Years ago, if you read Derrida, Lacan and their fellow travelers and then came to the conclusion that language is inherently unreliable, you were considered at best pretentious and at worst mentally ill. Here, for instance, is Lacan on one of the various, maddeningly indirect ways in which words acquire meaning, or a lack thereof: “… insofar as it forms part of language, the signifier is a sign which refers to another sign, which is as such structured to signify the absence of another sign …”. Um, yeah, exactly. Language is a shell game.
Now, in the post-truth era, all that giddy philosophizing (presented in a style as nutty as the ideas it proffered) suddenly rings true. Hell, it clangs. The relationship between words and their assigned meaning(s), never all that comfortable in the first place, now strikes us as illusory, if not deceitful. You can’t trust your own reading glasses.
Multimedia artist Aleks Slota’s latest works ask a further question: if all of the above is true, how can you trust an artist?

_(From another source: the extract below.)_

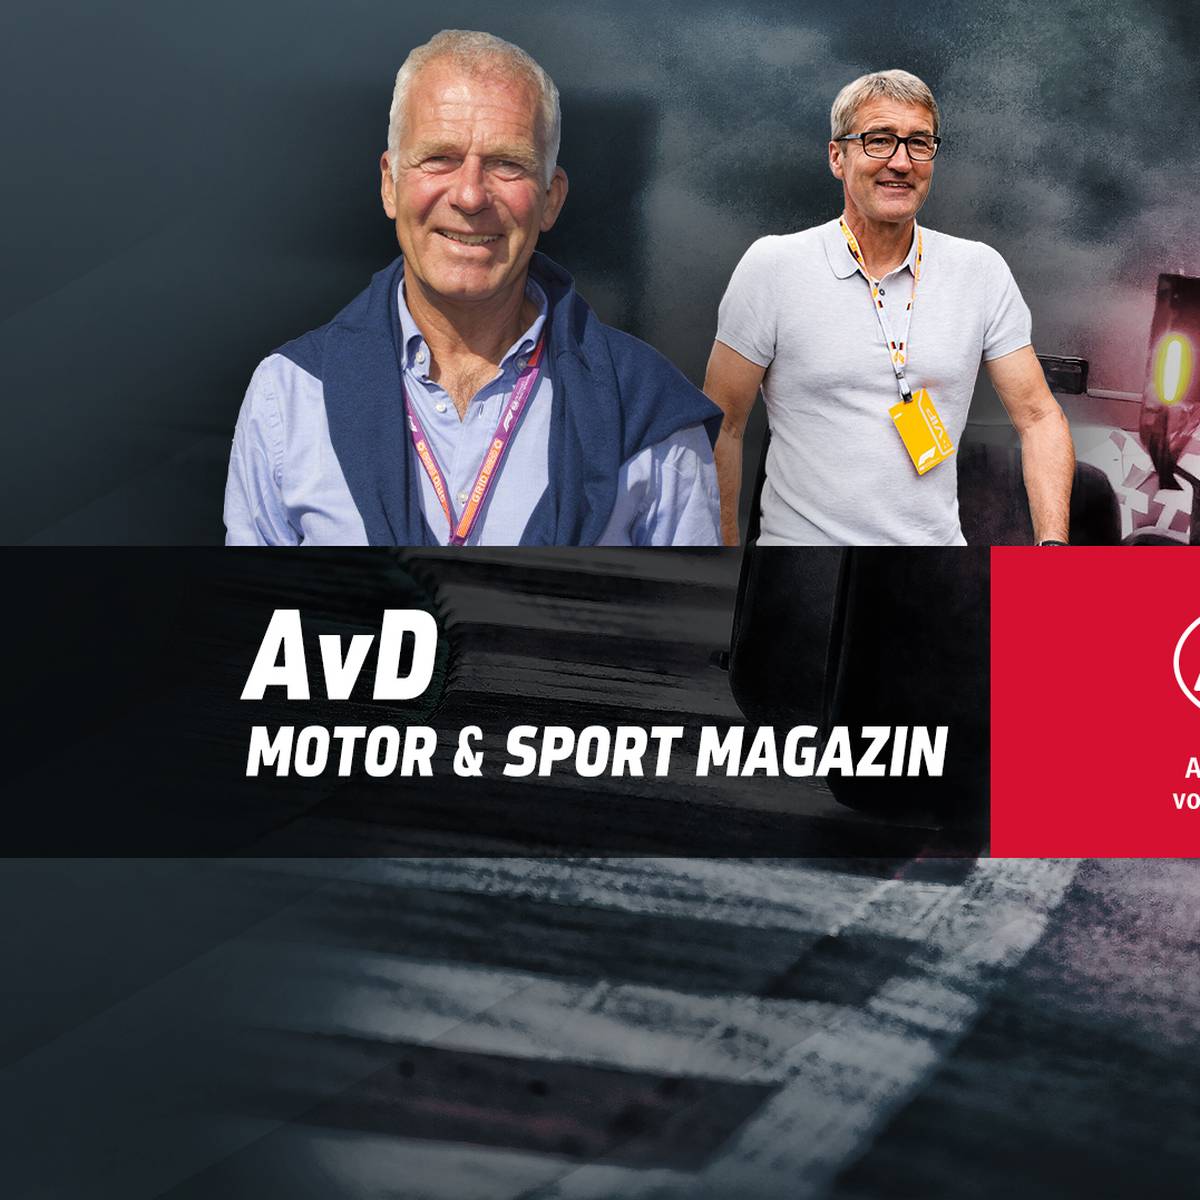 Das AvD Motor & Sport Magazin vom 19.06.2022 mit Bernd Schneider

A Berlin-based Polish-American, Slota has built a career out of being, in the larger and best sense of the modifier (signifier?) an irritant, or “irritainer” as the Canadian artist Andrew Harwood coined; an artist who puts his audience’s his own comfort aside in pursuit of new, less easy revelations. His performances typically involve acts of endurance, for both artist and witness, and no end of noise.
But in his latest projects are markedly more pensive. We met for a chat at Berlin’s Ex Girlfriend Gallery on the final day of his understated exhibition of text works It Happened Here. And a few weeks before our get together, Slota presented Meat Puppet at the Berlin literary centre Lettretage – a concise performance wherein he attempted to verbalize into sense a word salad derived from President Trump’s barking. Better him than us.

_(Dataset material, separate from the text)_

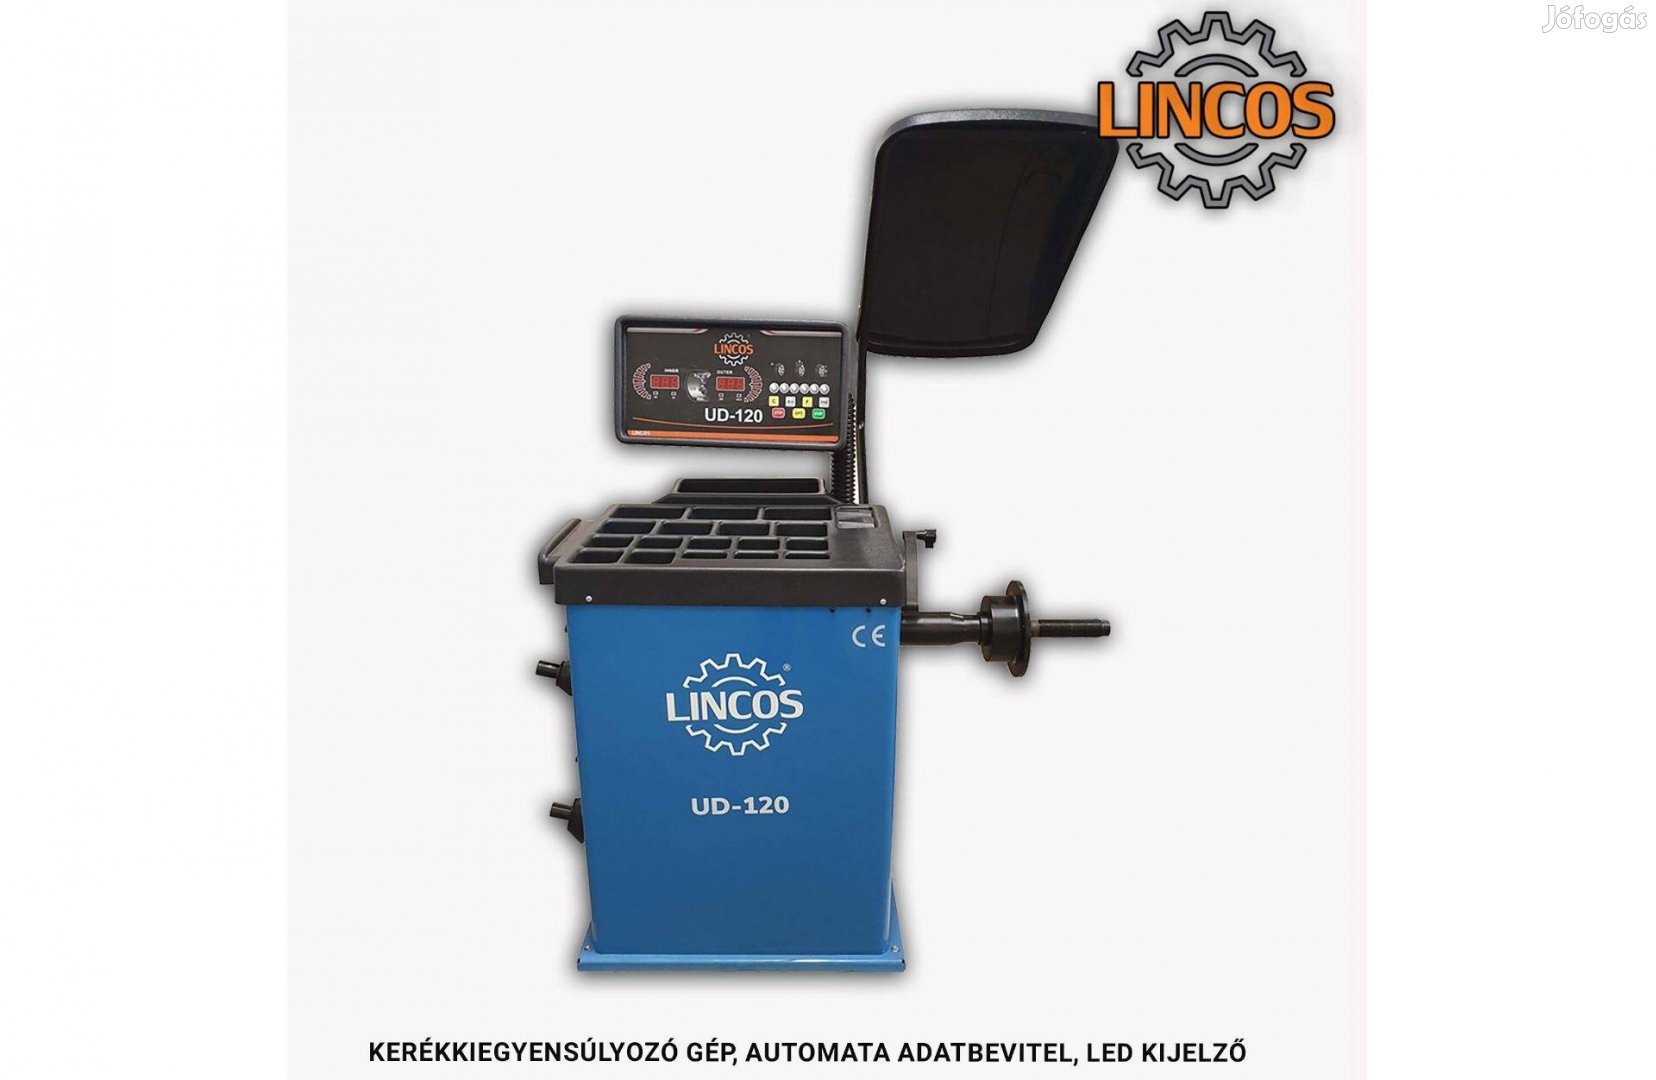 Kerékkiegyensúlyozó gép, automata adatbevitel, LED kijelző UD-120 Linc

Slota’s new works acknowledge the simple fact that we are all part of the now-heightened language/meaning problem, because unless you’re a hermit you too are contributing to the constant cross-talk and, by extension, the reduction of words to mere noise. There is no getting away from the collapse of the familiar formula of words = distinct (or at least agreed upon) meaning. We burned that barn down. Nor is it useful to simply blame this slippery slope on Trump and his imitators and not acknowledge our own complicity. Slota wants us, instead, to own the chaos.